» **Exercise prompt**
Transcribe everything in the listing as written, and let no image into the copy.

» **Available data**

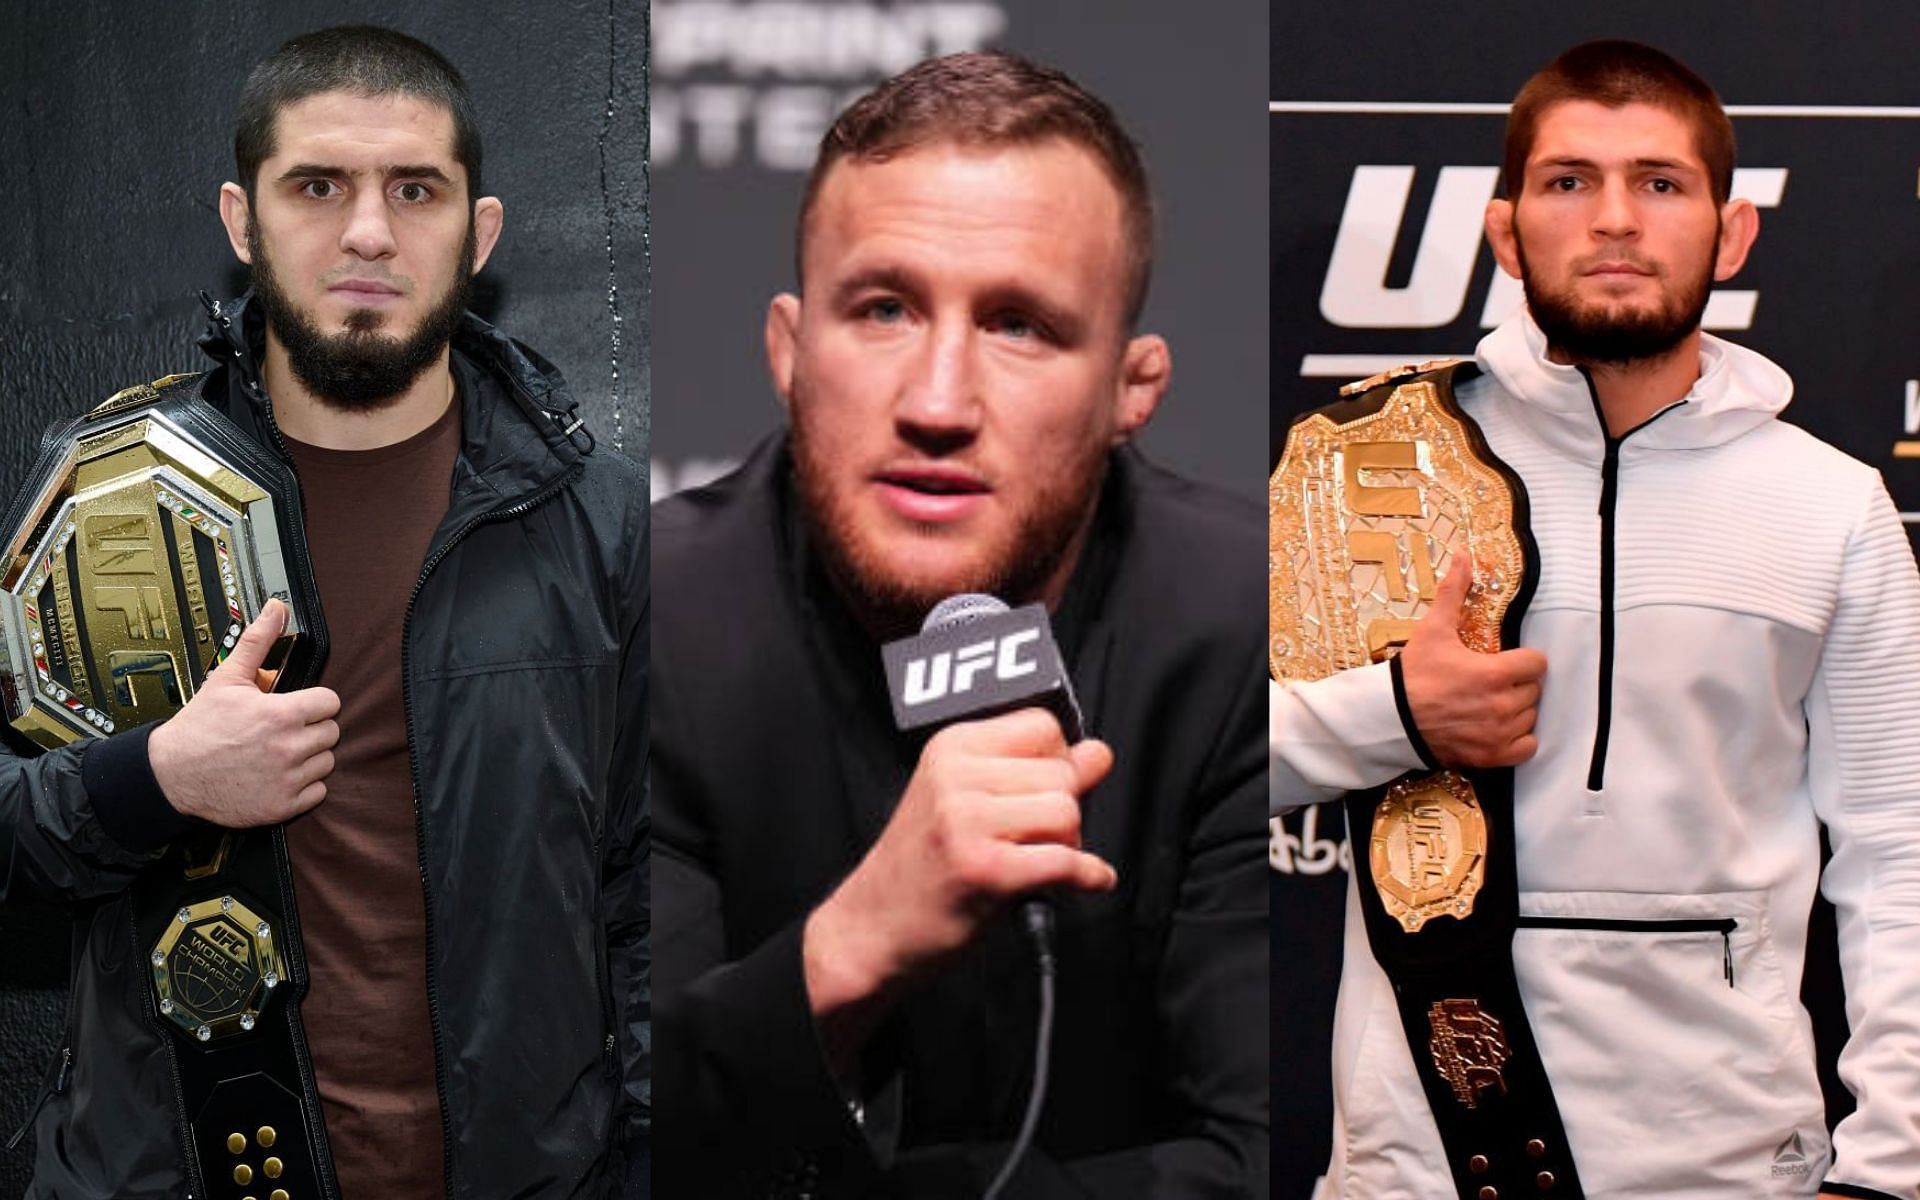 Difference between Islam Makhachev and Khabib Nurmagomedov explained by Justin Gaethje
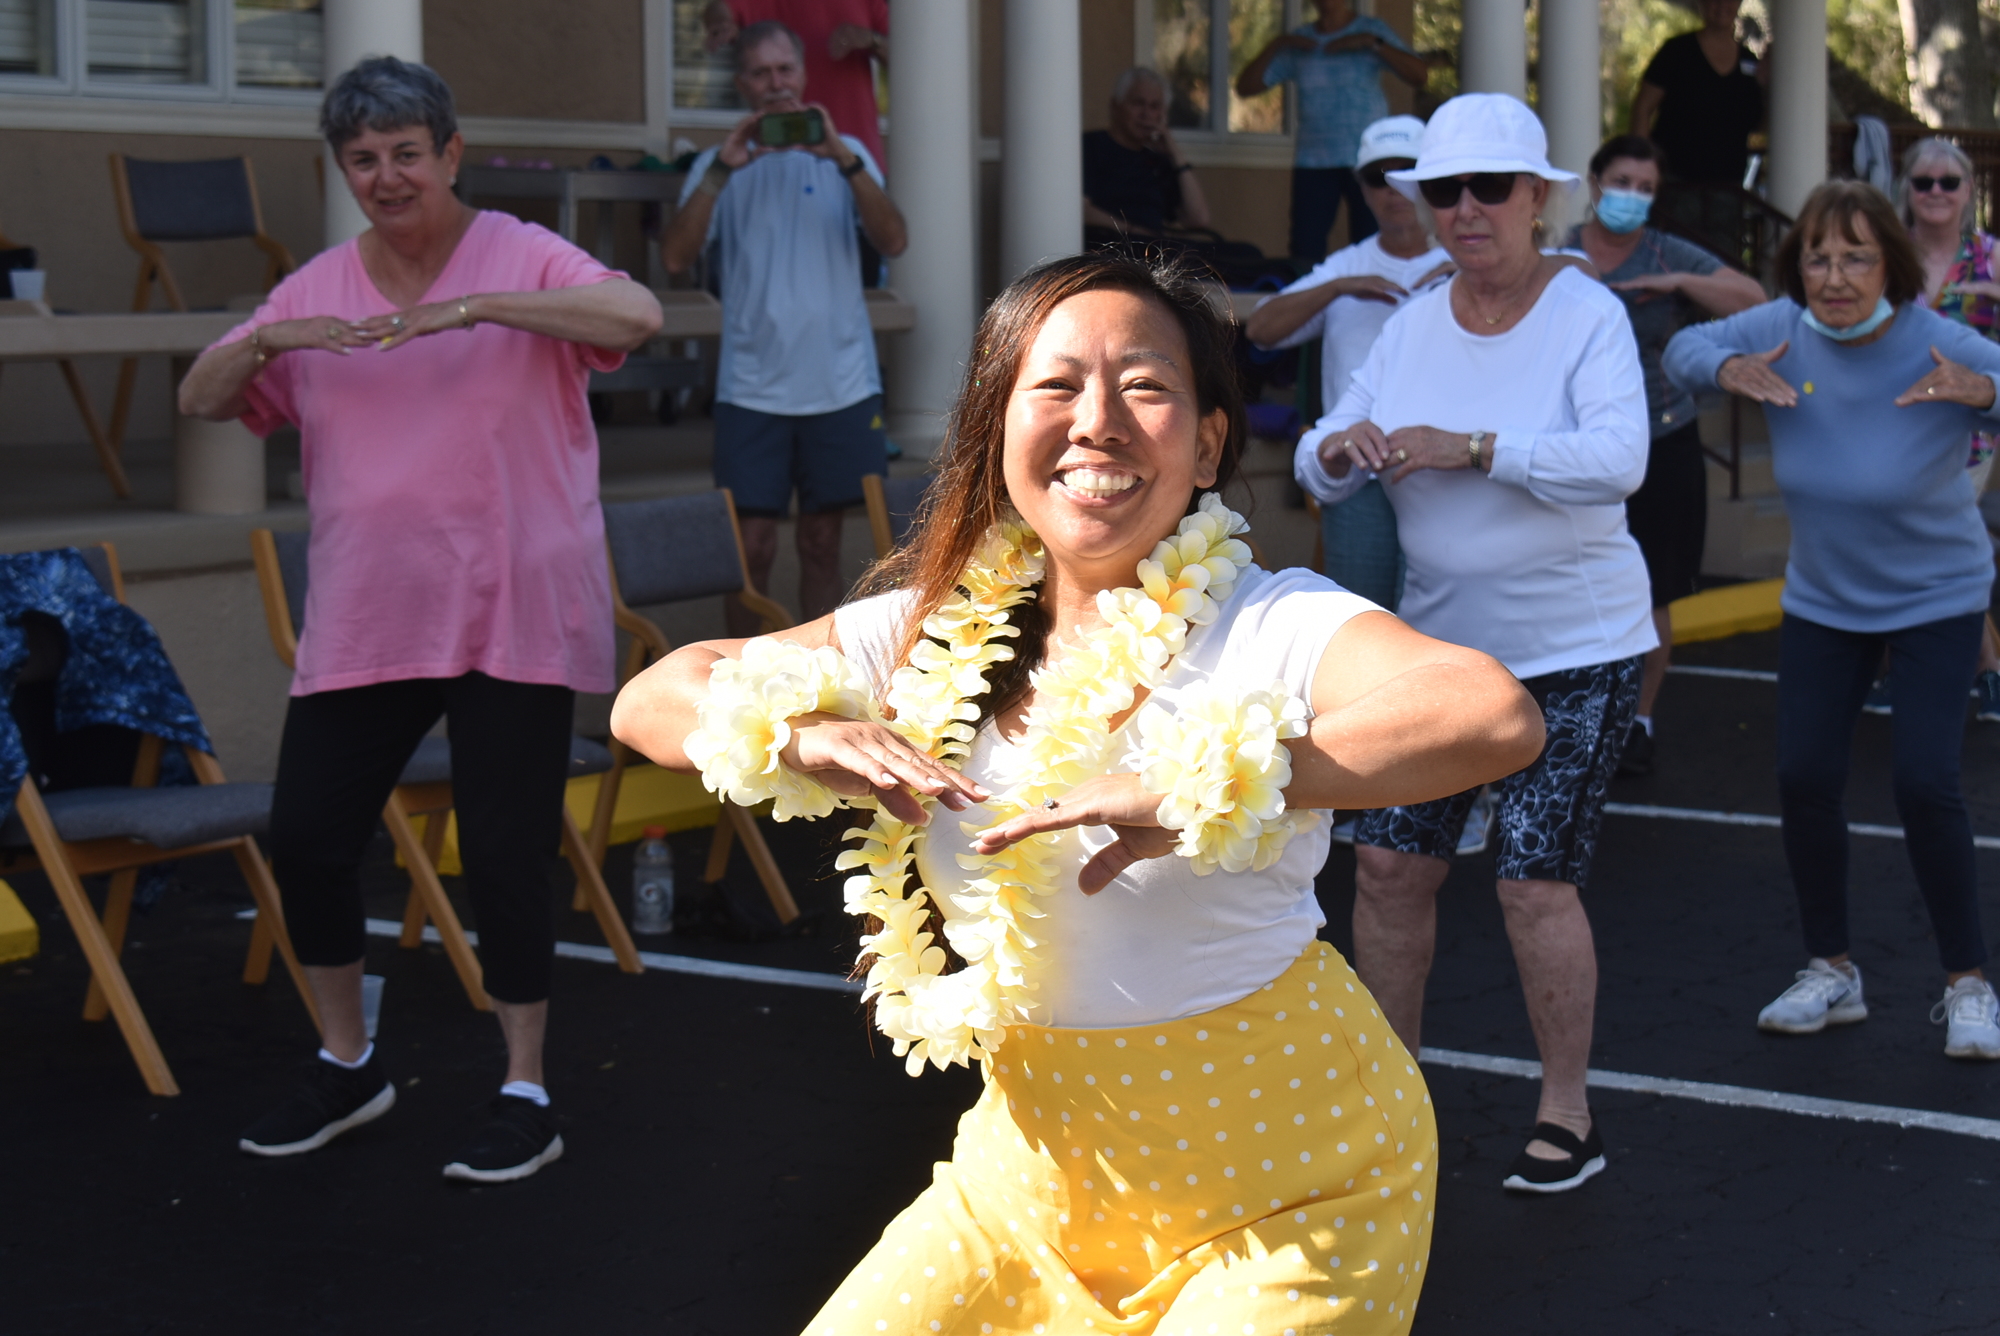 Debbie White led hula class at FitFest at The Paradise Center. File photo.
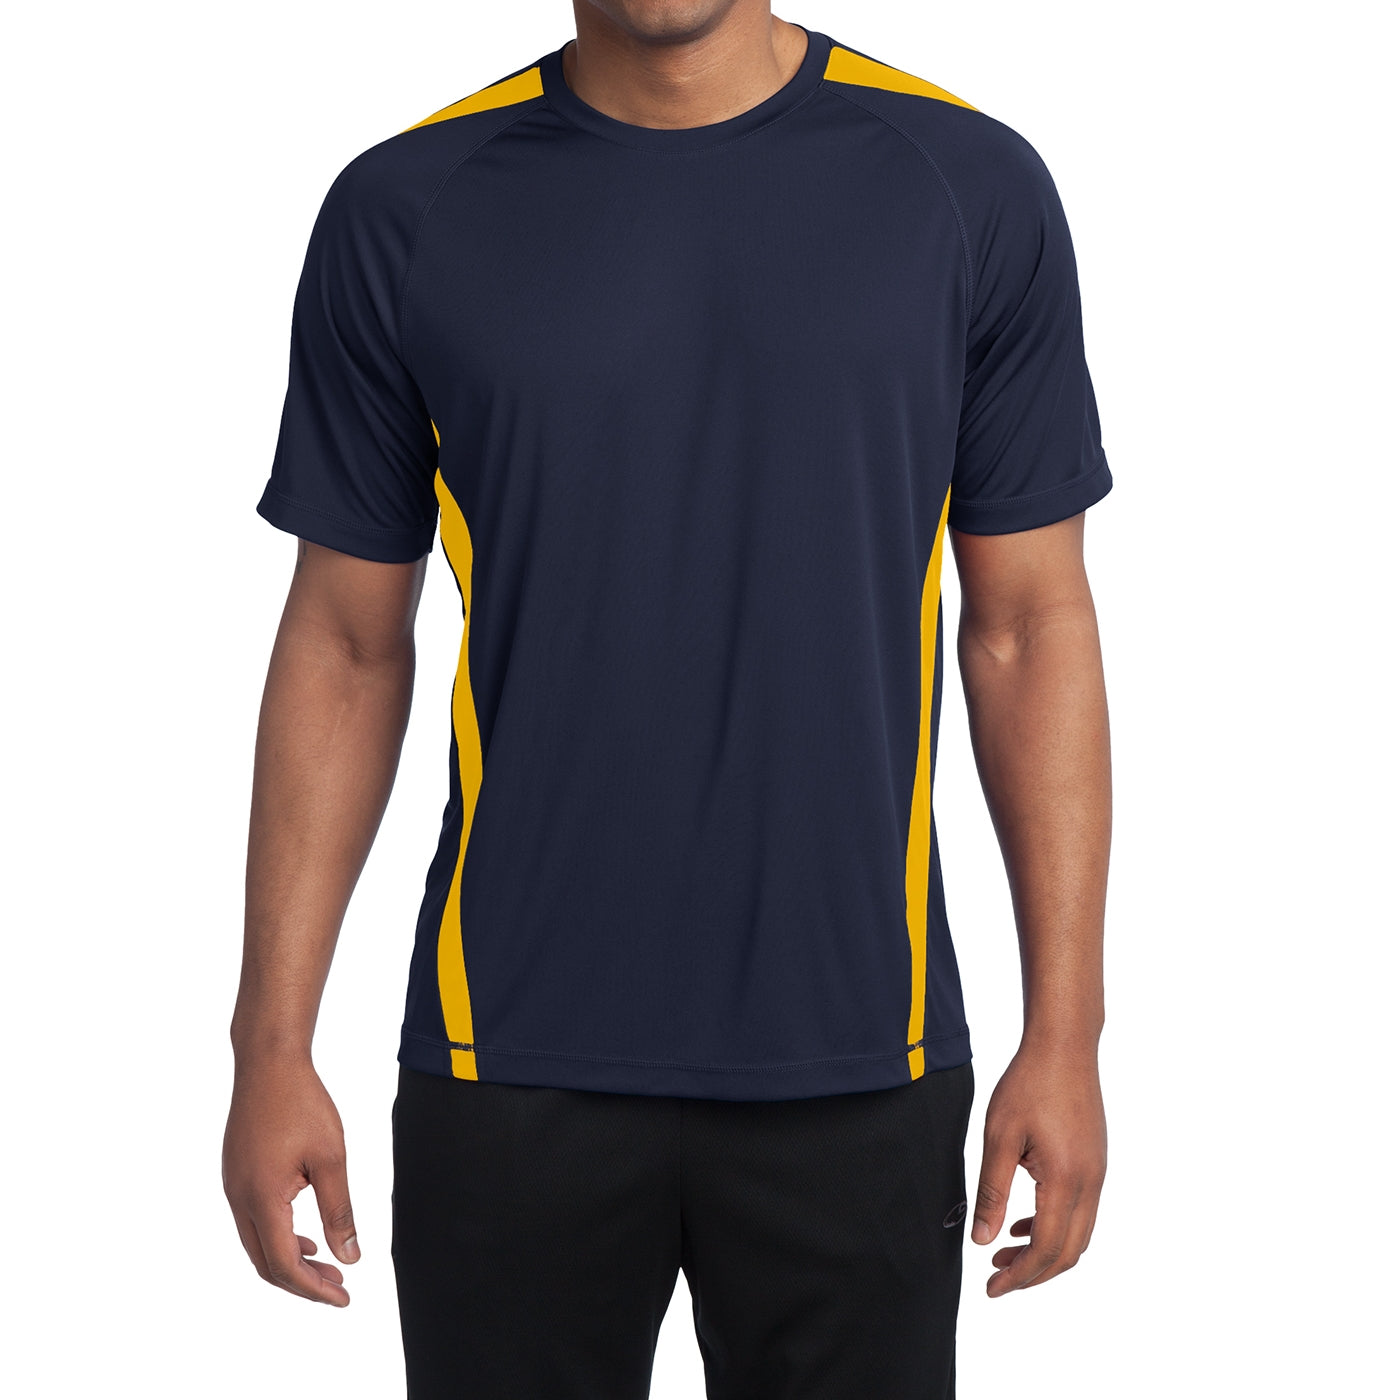 Men's Colorblock PosiCharge Competitor Tee - True Navy/ Gold

» **Your response**
 Difference between Islam Makhachev and Khabib Nurmagomedov explained by Justin Gaethje
 Debbie White led hula class at FitFest at The Paradise Center. File photo.
 Men's Colorblock PosiCharge Competitor Tee - True Navy/ Gold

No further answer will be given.